These days it's easy to simply buy an index fund, and your returns should (roughly) match the market. But one can do better than that by picking better than average stocks (as part of a diversified portfolio). To wit, the Oceaneering International, Inc. (NYSE:OII) share price is 43% higher than it was a year ago, much better than the market decline of around 2.1% (not including dividends) in the same period. That's a solid performance by our standards! In contrast, the longer term returns are negative, since the share price is 13% lower than it was three years ago.
On the back of a solid 7-day performance, let's check what role the company's fundamentals have played in driving long term shareholder returns.
Oceaneering International isn't currently profitable, so most analysts would look to revenue growth to get an idea of how fast the underlying business is growing. Generally speaking, companies without profits are expected to grow revenue every year, and at a good clip. Some companies are willing to postpone profitability to grow revenue faster, but in that case one does expect good top-line growth.
In the last year Oceaneering International saw its revenue grow by 2.3%. That's not great considering the company is losing money. The modest growth is probably largely reflected in the share price, which is up 43%. That's not a standout result, but it is solid - much like the level of revenue growth. Given the market doesn't seem too excited about the stock, a closer look at the financial data could pay off, if you can find indications of a stronger growth trend in the future.
The image below shows how earnings and revenue have tracked over time (if you click on the image you can see greater detail).

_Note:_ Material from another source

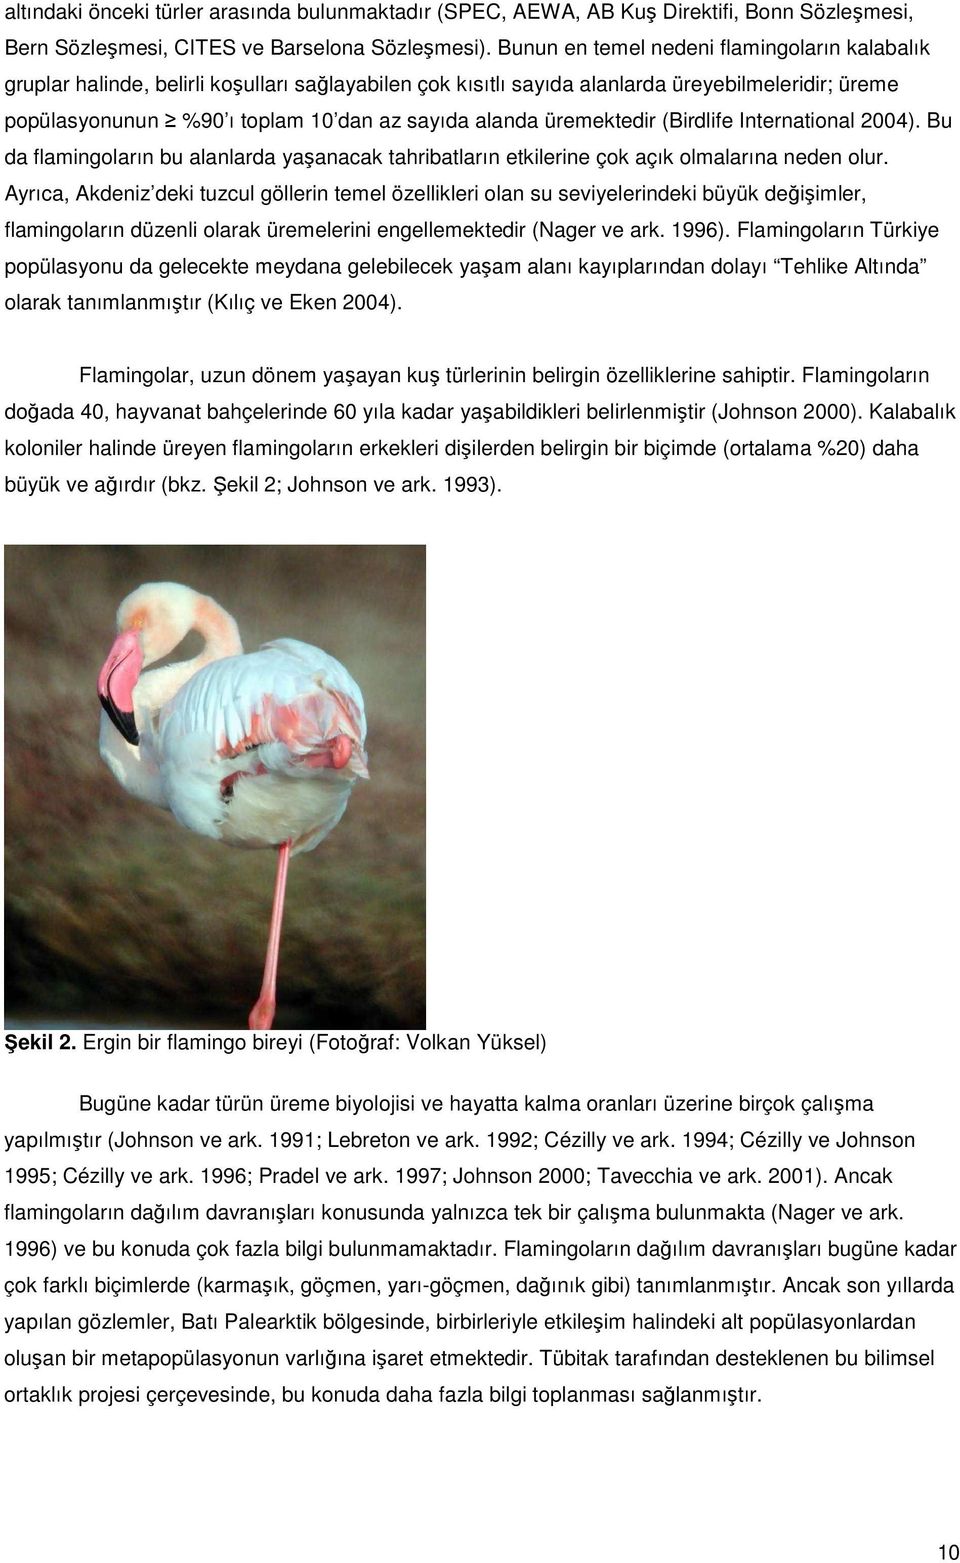 üremektedir (Birdlife International 2004). Bu da flamingoların bu alanlarda yaşanacak tahribatların etkilerine çok açık olmalarına neden olur.

This free interactive report on Oceaneering International's balance sheet strength is a great place to start, if you want to investigate the stock further.
A Different Perspective
It's nice to see that Oceaneering International shareholders have received a total shareholder return of 43% over the last year. There's no doubt those recent returns are much better than the TSR loss of 7% per year over five years. We generally put more weight on the long term performance over the short term, but the recent improvement could hint at a (positive) inflection point within the business. If you would like to research Oceaneering International in more detail then you might want to take a look at whether insiders have been buying or selling shares in the company.
If you are like me, then you will not want to miss this free list of growing companies that insiders are buying.
Please note, the market returns quoted in this article reflect the market weighted average returns of stocks that currently trade on US exchanges.
This article by Simply Wall St is general in nature. We provide commentary based on historical data and analyst forecasts only using an unbiased methodology and our articles are not intended to be financial advice. It does not constitute a recommendation to buy or sell any stock, and does not take account of your objectives, or your financial situation. We aim to bring you long-term focused analysis driven by fundamental data. Note that our analysis may not factor in the latest price-sensitive company announcements or qualitative material. Simply Wall St has no position in any stocks mentioned.